S3: and constructing and training a fine model with higher network complexity through a training set, and taking the trained model as a teacher network model.
The fine ranking model is used for extracting the similarity between the semantic information features of the two question sentences, the semantic information features of the two question sentences are input, and the similarity between the semantic information features is output. The training data for training the refined model should include semantic information features of two question sentences and semantic similarity corresponding to the two question sentences, in this embodiment, when the two input question sentences are standard questions and similar questions thereof, the semantic similarity is 1, and when the two input question sentences are two different standard questions or similar questions of one standard question and another standard question, the semantic similarity is 0.
The fine ranking model with higher network complexity can select a DNN ranking model with deeper layers.
S4: constructing a fine ranking model with lower network complexity, training the fine ranking model with lower complexity through a training set based on knowledge distillation and a teacher network model, and taking the trained model as a fine ranking student network model;
the fine model in step S4 has the same function as the fine model in step S3, but because the complexity of the network is low, a non-depth model such as a DNN ranking model or LR/FM model with a shallow depth may be selected.
S5: and constructing a rough model with lower network complexity, training the rough model with lower complexity through a training set based on knowledge distillation and a teacher network model, and taking the trained model as a rough student network model.
The rough model is used for extracting the similarity between the keyword features of the two question sentences, the keyword features of the two question sentences are input, and the similarity between the keyword features is output. The training data for training the rough model should include keyword features of two question sentences and keyword feature similarities corresponding to the two question sentences, in this embodiment, when the two input question sentences are standard questions and similar questions thereof, the keyword feature similarity is 1, and when the two input question sentences are two different standard questions or similar questions of one standard question and another standard question, the keyword feature similarity is 0.
The rough model is used as a preposed link of the fine model, a balance point needs to be found in speed and accuracy, the balance point is positioned in a similarity problem that accuracy is not pursued, the effect can be poorer than that of the fine model, but the return quantity can be used for making up the difference, so that the small model and the high speed are important targets of the rough model.
The rough model is not limited to a large rough model as a teacher model by knowledge distillation, but a fine model is adopted as the teacher model, the rough model is adopted as a student model, such as an FM (frequency modulation) or double-tower DNN (digital noise network) model, and the rough model of the student model simulates the sequencing result of the links of the fine model so as to guide the optimization process of the rough model.
S6: after the characteristics of the question to be answered are extracted, corresponding answers are searched from a question-answer library through a rough arrangement student network model and a fine arrangement student network model in sequence.
After extracting the features of the question to be answered, firstly searching all similar question sentences with higher keyword feature similarity from a question-answer library through a rough student network model and the keyword features of the rough student network model, then searching similar question sentences with higher semantic similarity from all searched similar question sentences with higher keyword feature similarity through a fine student network model, and further acquiring corresponding answers according to the searched similar question sentences with higher semantic similarity.

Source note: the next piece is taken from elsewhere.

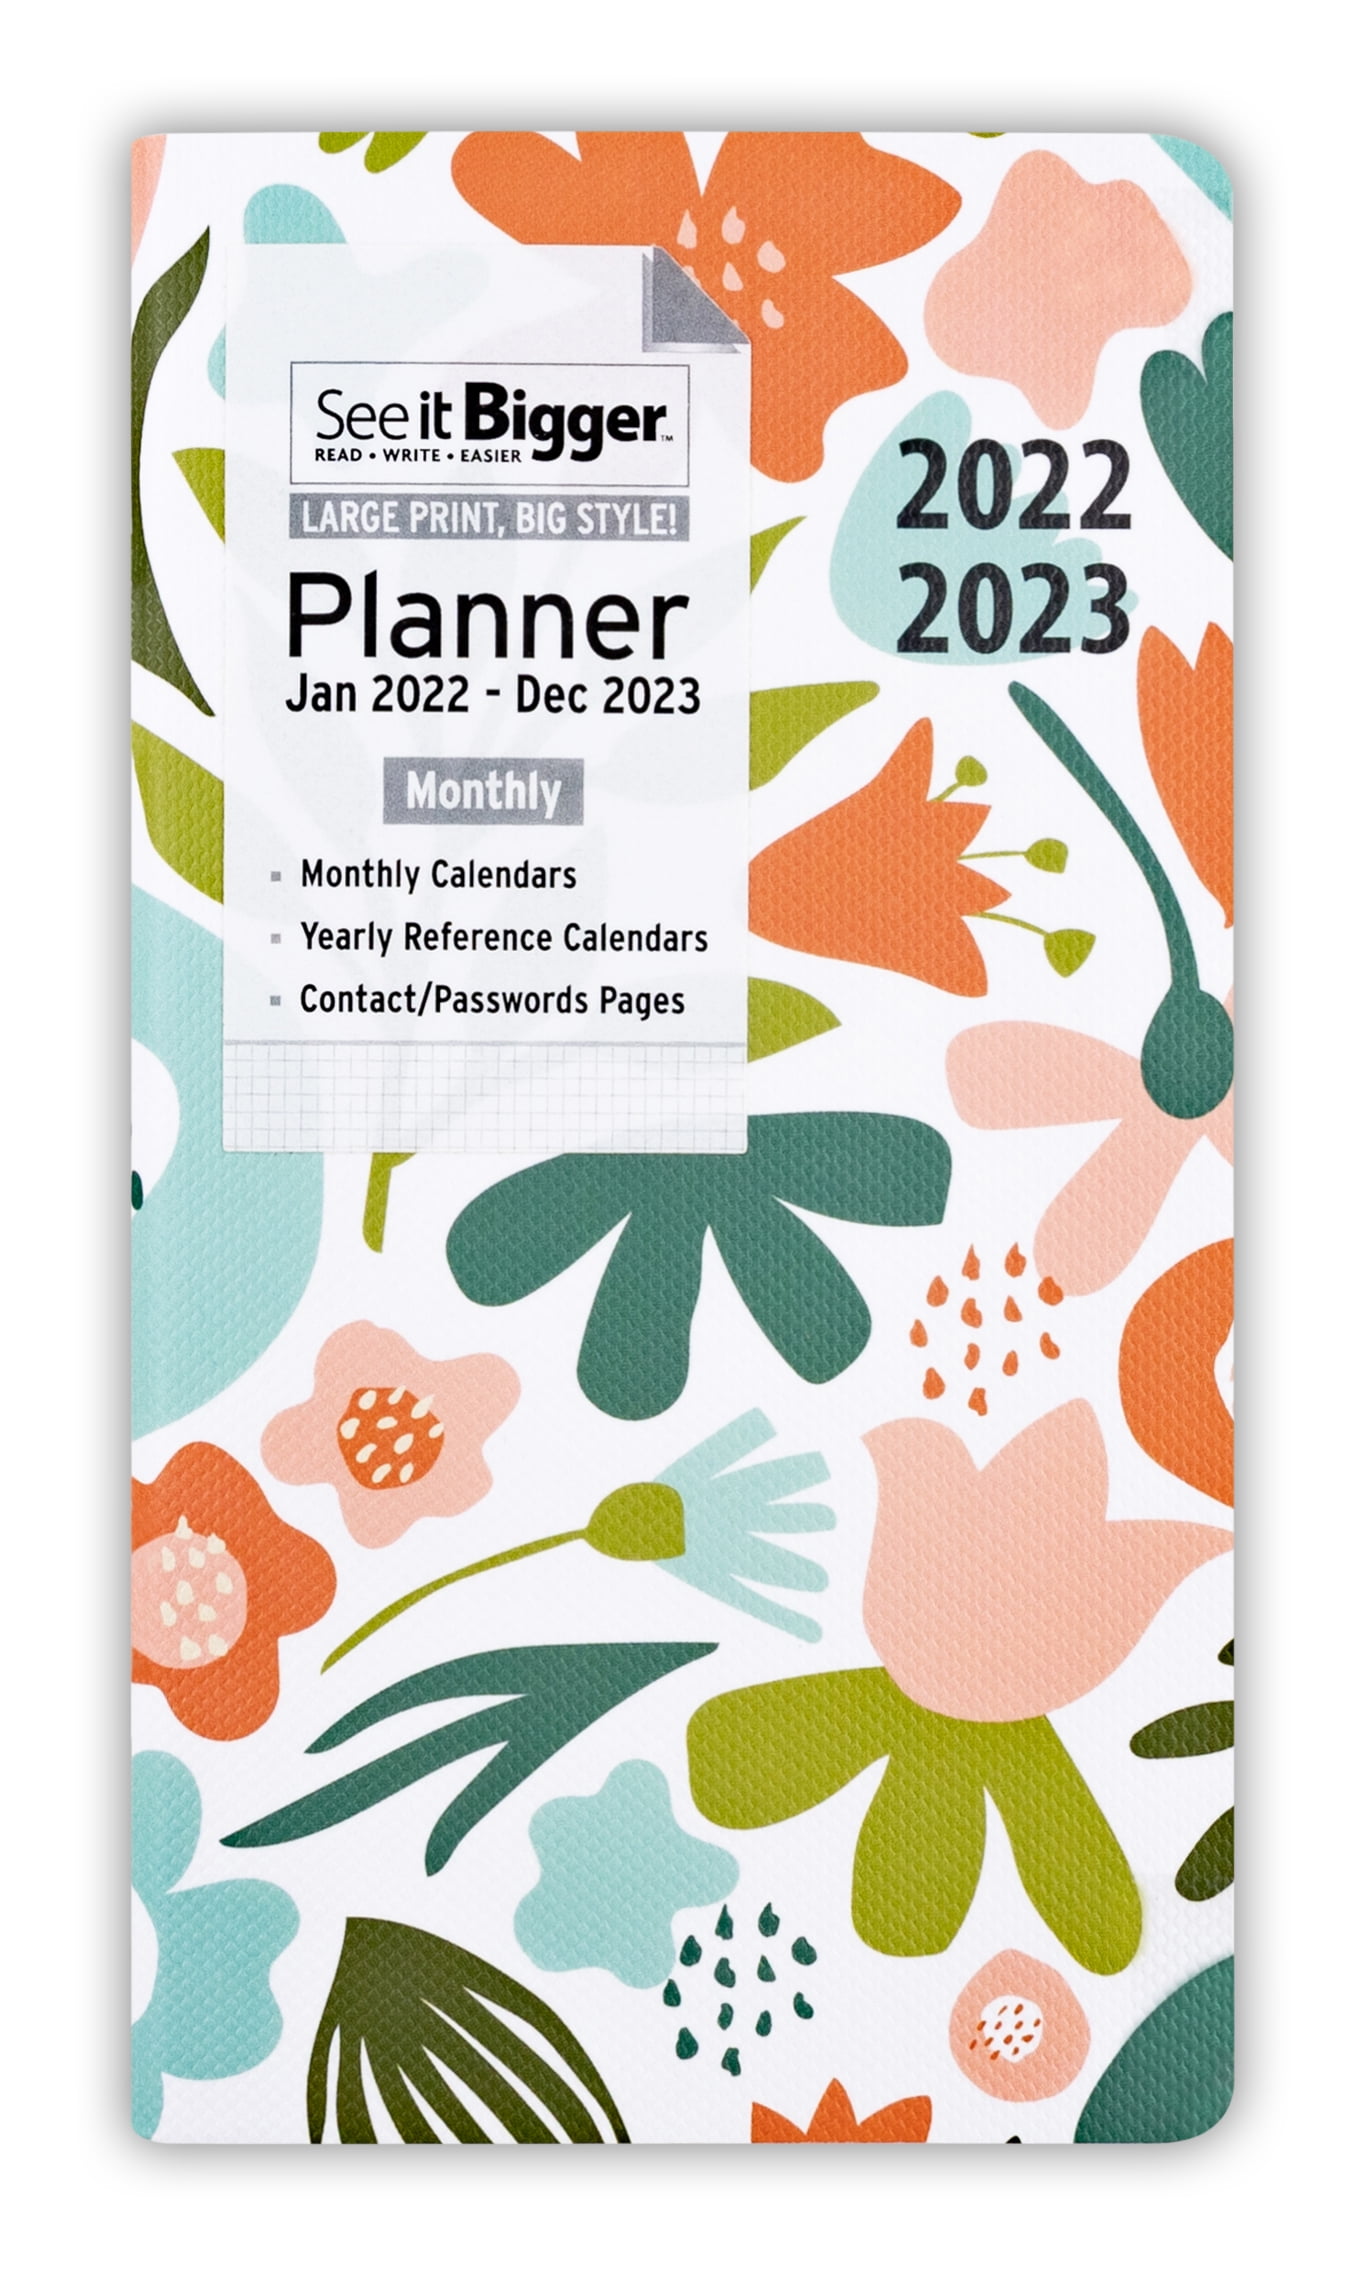 Pocket Size 4x6.5 inch Agenda Schedule Organizer Appointment Months Yearly Calendar Holidays Address Book password log Jan 2021 Three year planner Dec 2023

In the above steps S4 and S5, the process of training the student network model based on the knowledge distillation and teacher network model includes:
s401: acquiring a real answer in training data of an input model; the specific result is obtained by artificial marking and key words in question sentences;
s402: calculating cross entropy loss H (y, f (x)) of the real label and the student network model according to the training data;
s403: according to the training data, the Logits output by the teacher network model and the Logits output by the student network model are calculated, the Logits output by the student network model is fitted with the Logits output by the teacher network model, and the generalization capability of the teacher network model is enhanced by the teacher network modelt-zs||2
S404, calculating a total loss function LStudent
LStudent=H(y,f(x))+λ*||zt-zs||2
Wherein H represents a cross entropy loss function, y represents a real answer, f (x) represents a prediction output of a student network model, λ represents a distillation loss influence degree adjusting parameter, and z represents a distillation loss influence degree adjusting parametertLogs (last layer output of neural network), z, representing teacher network model outputsLogs representing the student network model output.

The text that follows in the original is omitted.